Auditors aren't asking finance teams to abandon AI in the close. They're asking the same questions they ask of any system that touches the financial statements:

  • Show me what the system did.
  • Show me the system didn't change underneath you.
  • Show me a human reviewed the right thing at the right time, and prove the record of that review is what it claims to be.

The teams that will get through their first AI-aware audit cleanly are the ones that recognize, before the auditor arrives, that the gap wasn't a missing feature.

It was the architecture underneath the AI itself.

Key Takeaways:

  • Audit-day failure for DIY AI doesn't look like a wrong number. It looks like a valid number, but its evidence can't be authenticated. That distinction is what determines whether a control passes or fails a test under PCAOB AS 2201.
  • The two questions that decide (“Show me what the AI saw,” and “Is this the same AI that ran last quarter?”) are architectural questions, not documentation questions. No review checklist, no screenshot policy, no IT handoff closes the gap.
  • The re-validation cost is permanent and recurring. It runs on every model update, every process change, every close cycle the AI touches. That line item never appears in the original business case for building the AI in-house. It appears in the audit fee.

Footnotes

1 Committee of Sponsoring Organizations of the Treadway Commission (COSO), "Achieving Effective Internal Control Over Generative AI," February 23, 2026. https://www.coso.org/generative-ai. Referenced directionally; framework content not reproduced.
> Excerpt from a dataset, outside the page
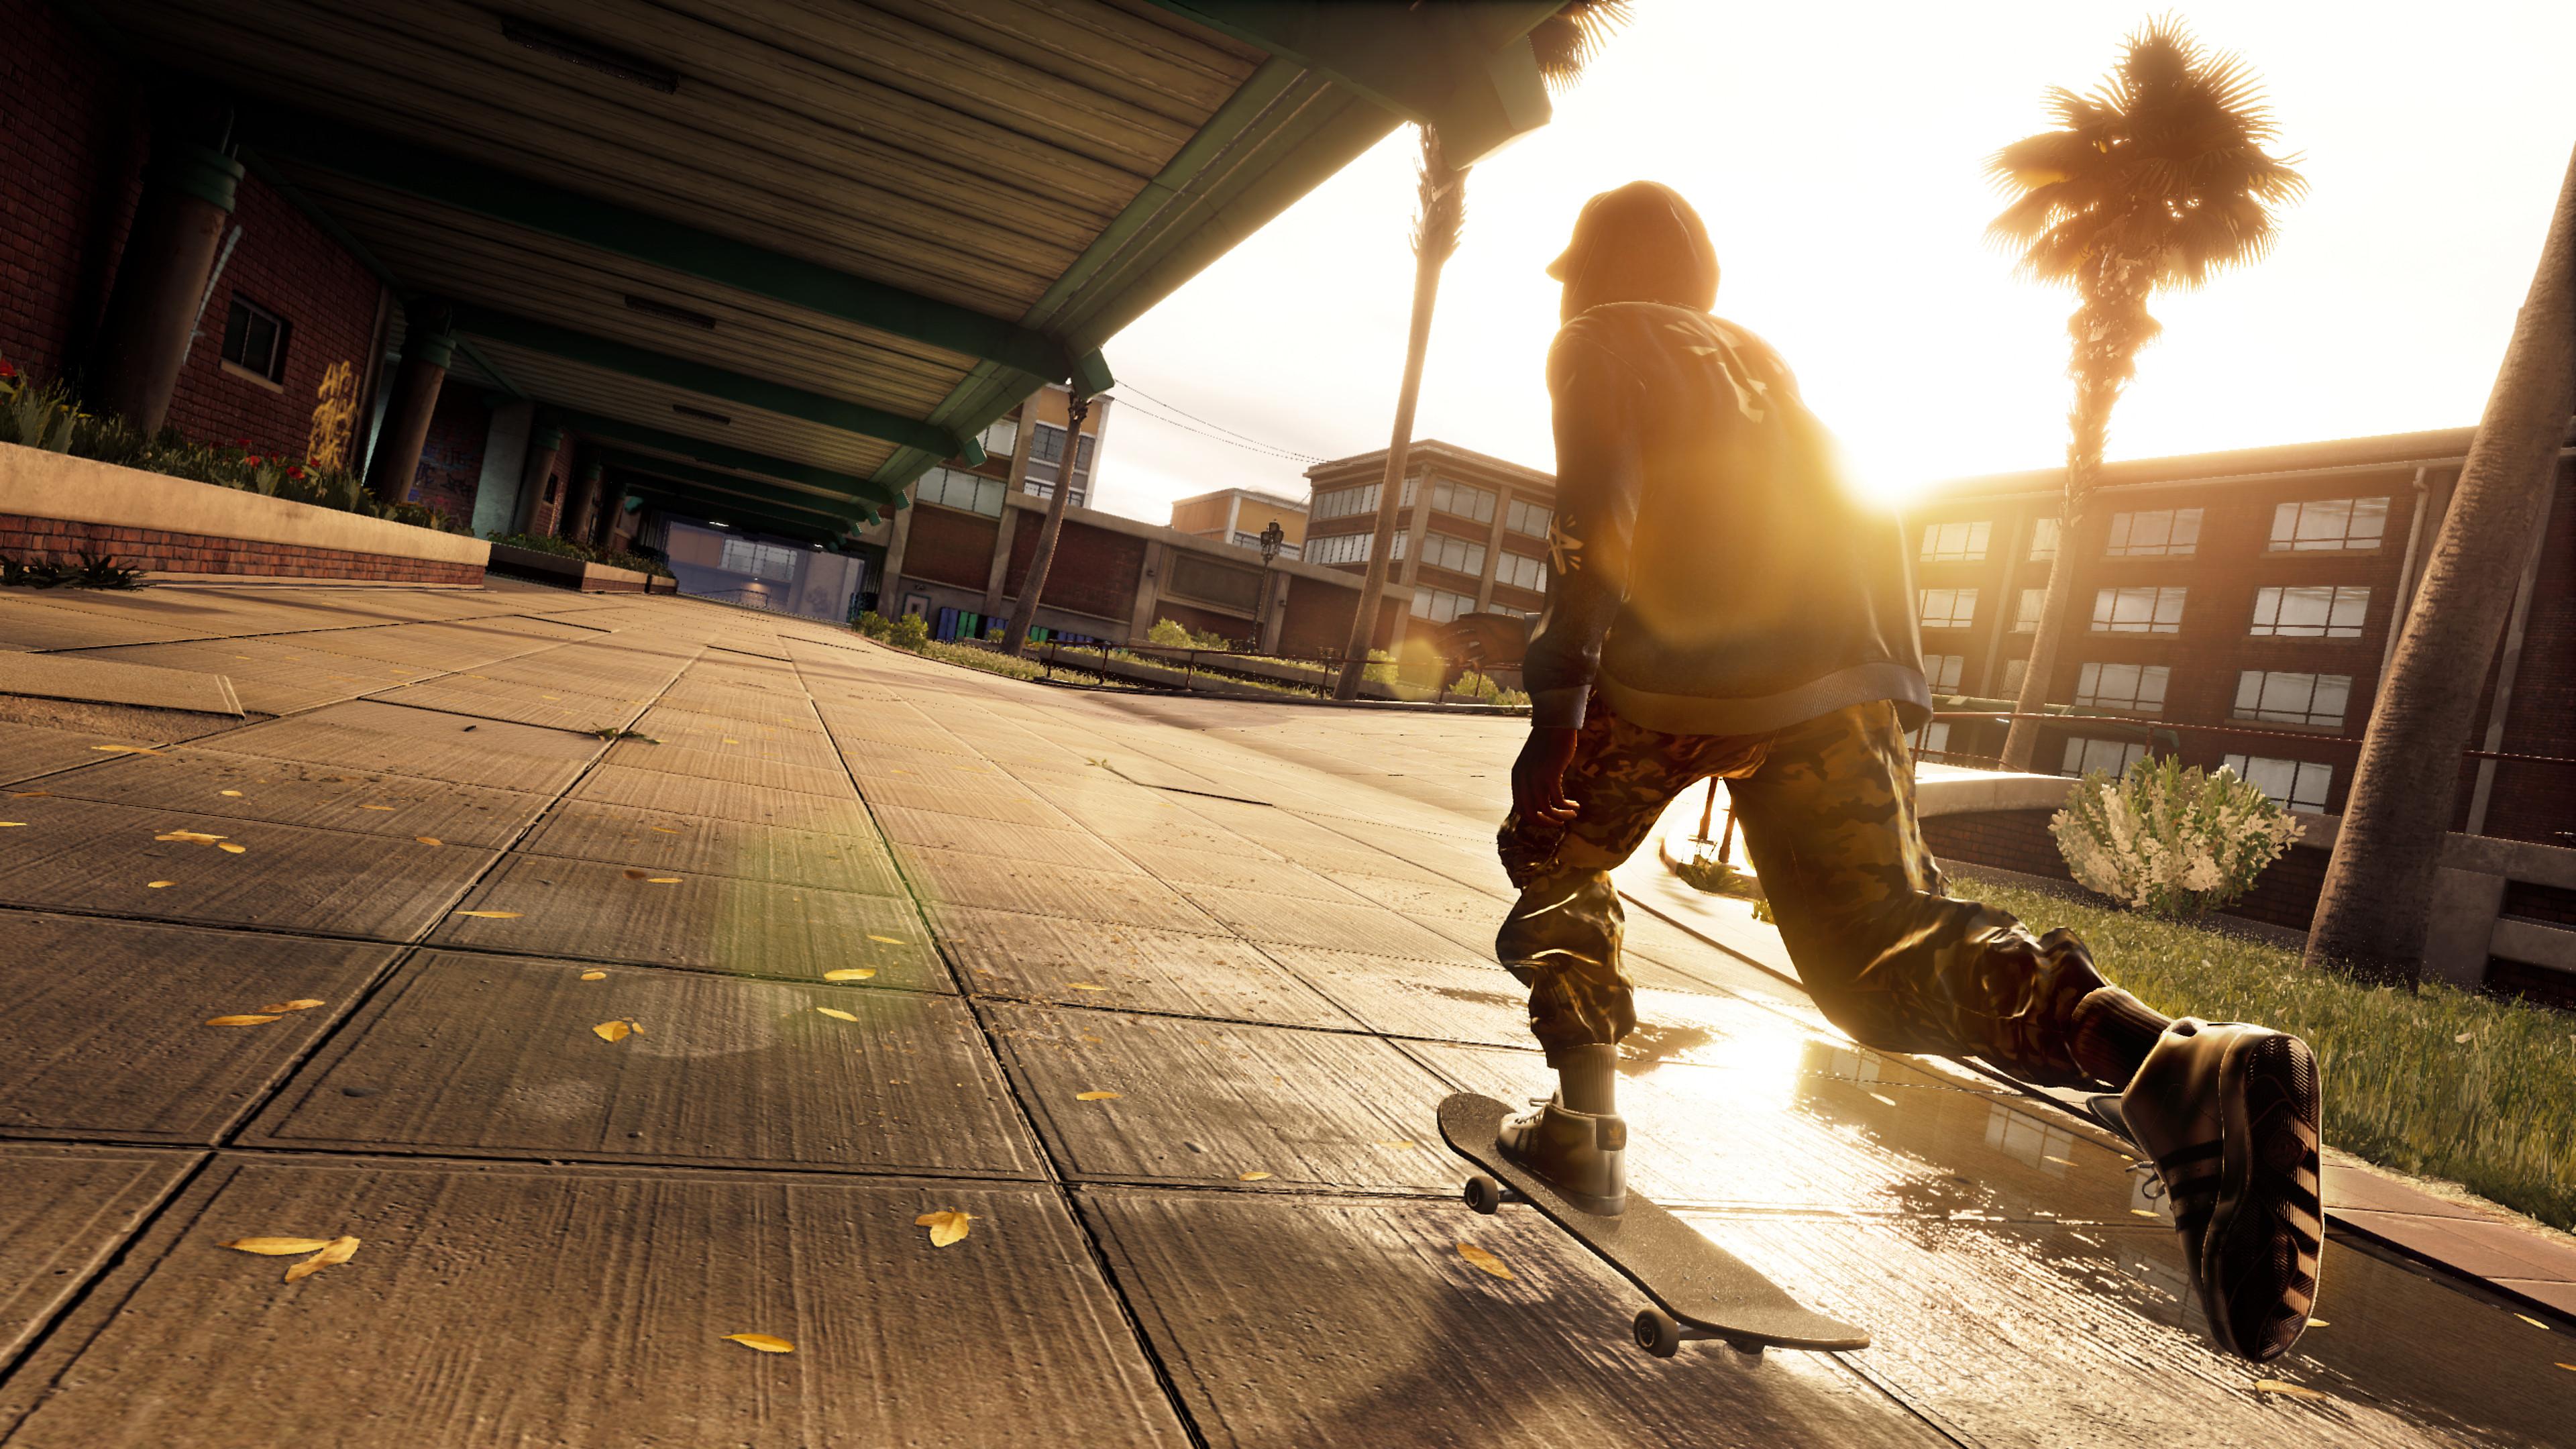 Tony Hawk's™ Pro Skater™ 1 + 2 Game | PS4 - PlayStation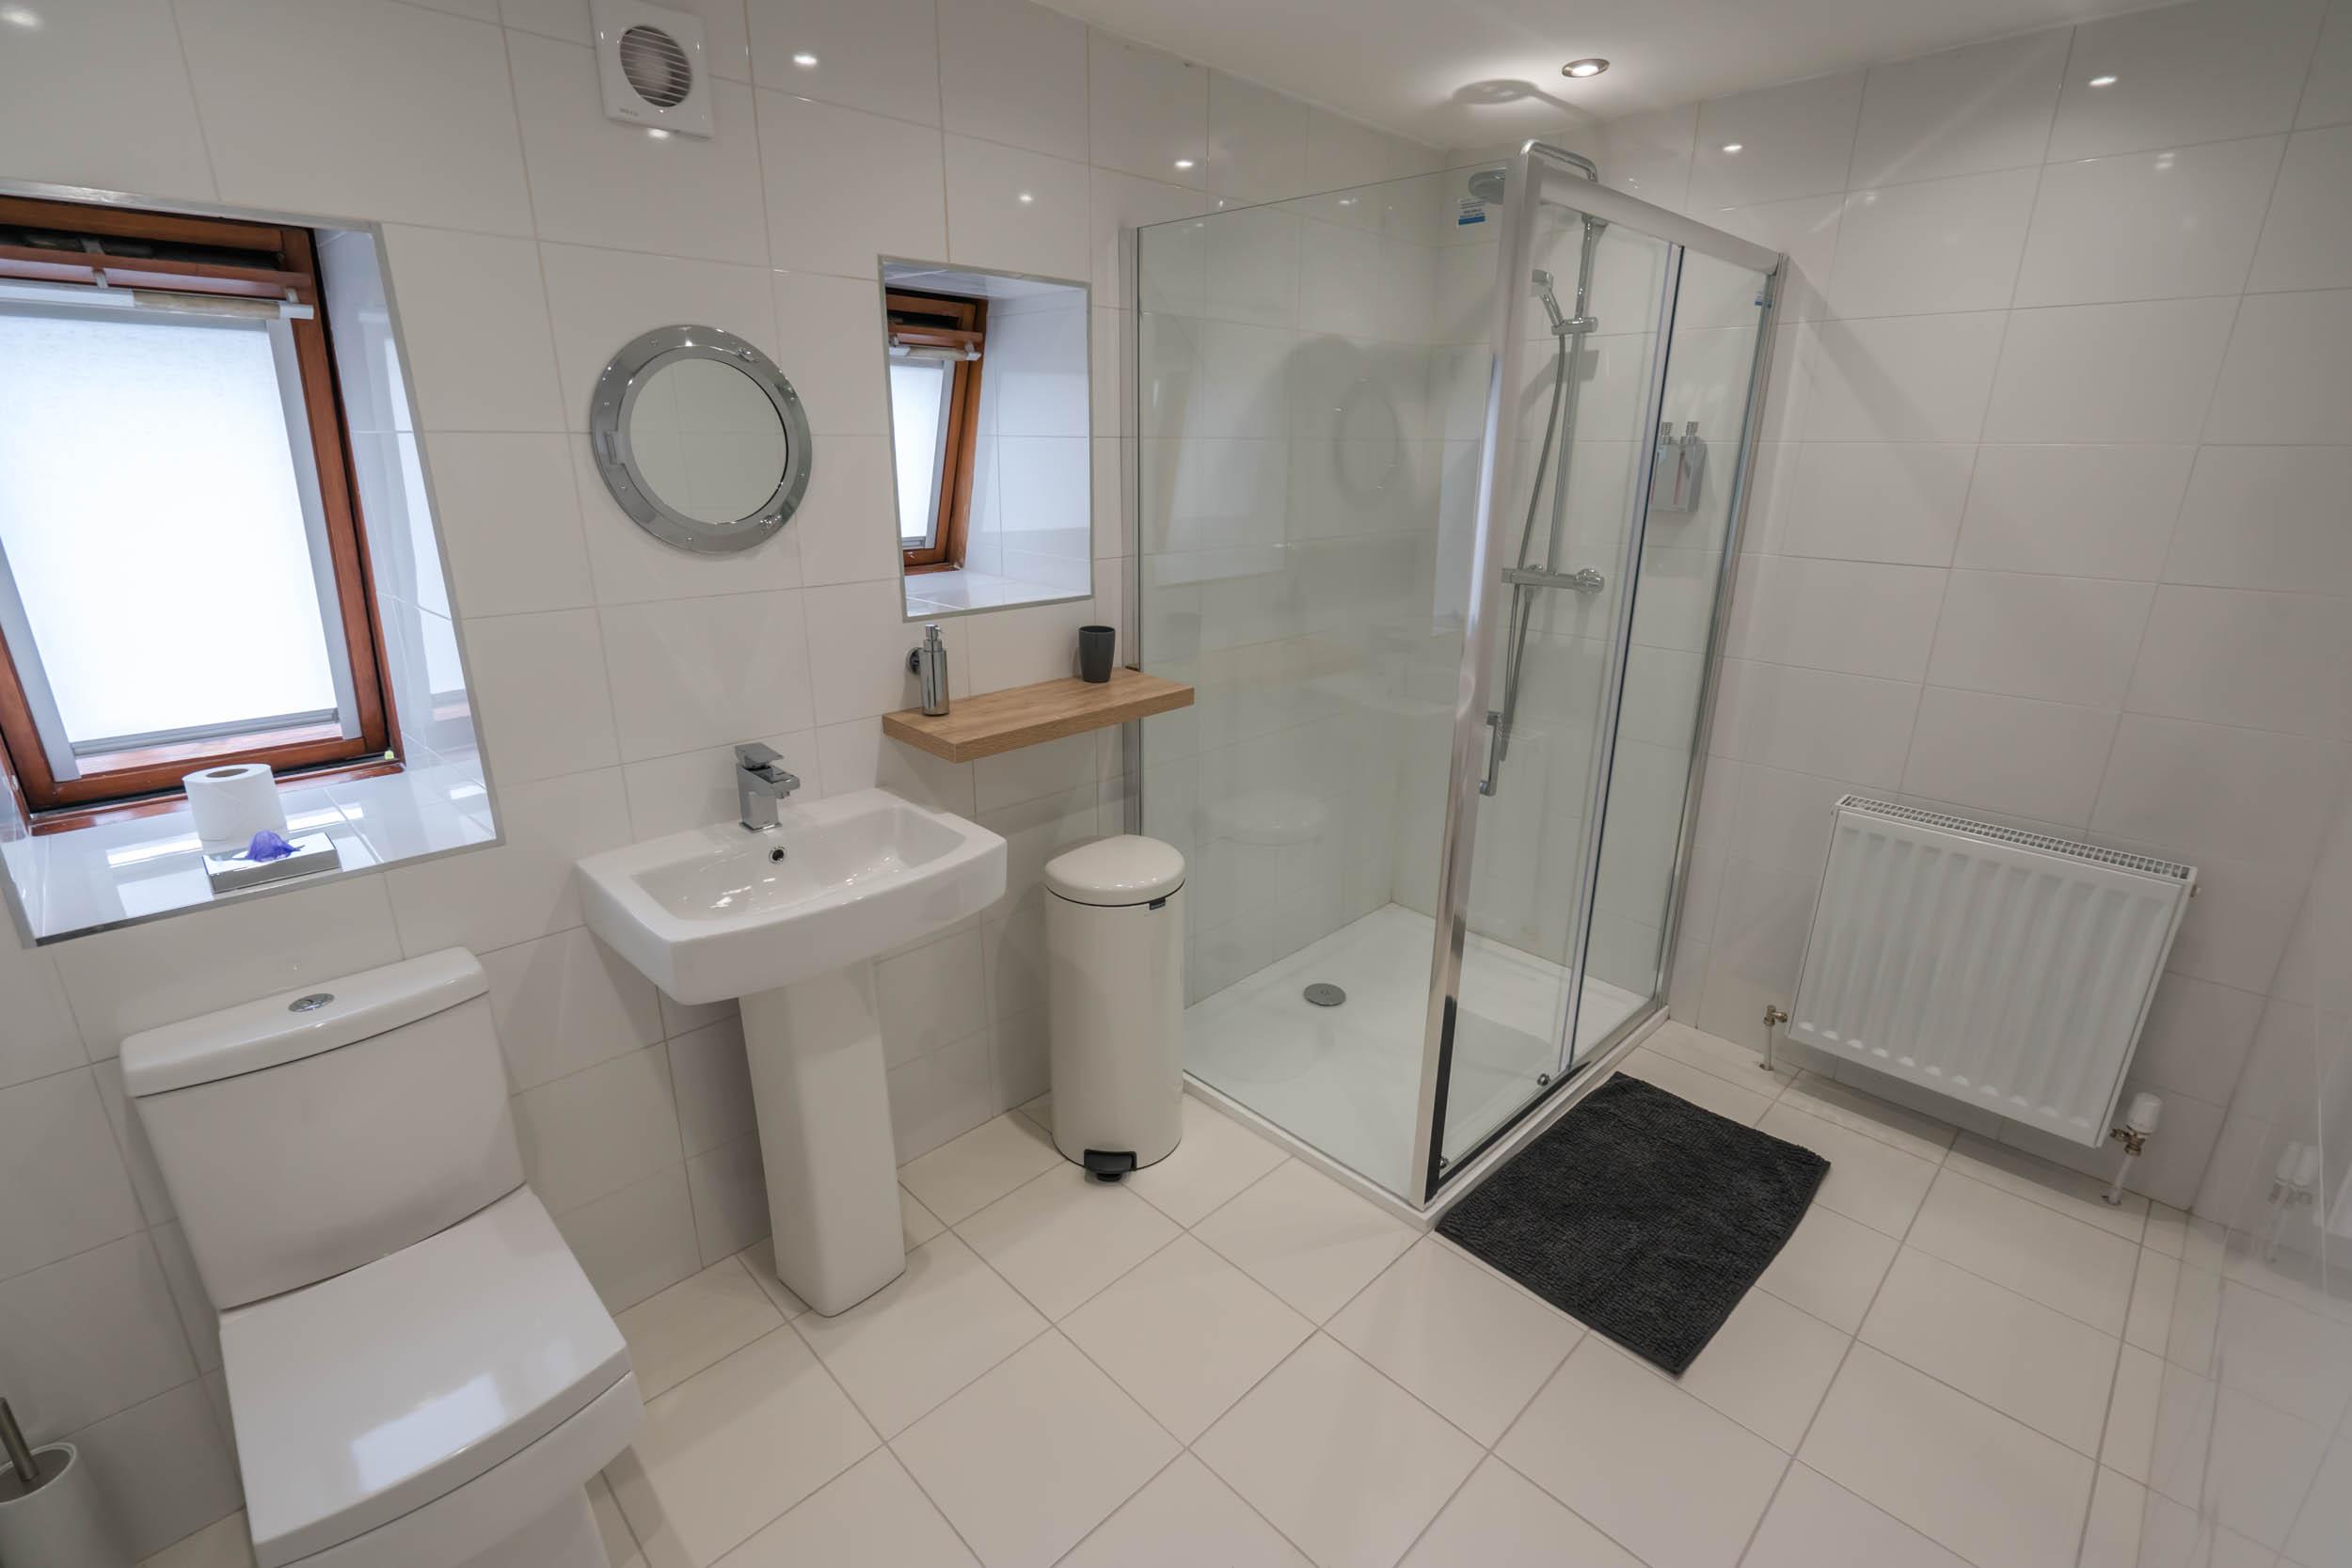 Clachan-Inn-Paul-Saunders-03210.jpg

2 Public Company Accounting Oversight Board, AS 2201: "An Audit of Internal Control Over Financial Reporting That Is Integrated with An Audit of Financial Statements," Appendix A, paragraph .A7. https://pcaobus.org/oversight/standards/auditing-standards/details/AS2201. A material weakness is a deficiency, or a combination of deficiencies, in internal control over financial reporting, such that there is a reasonable possibility that a material misstatement of the company's annual or interim financial statements will not be prevented or detected on a timely basis.

3 For a fuller treatment of the cost dynamics behind DIY AI in the close, see "The Build Tax: Why DIY AI in Accounting Costs More Than You Think" and "The Build Tax, Quantified" — both at floqast.com/blog.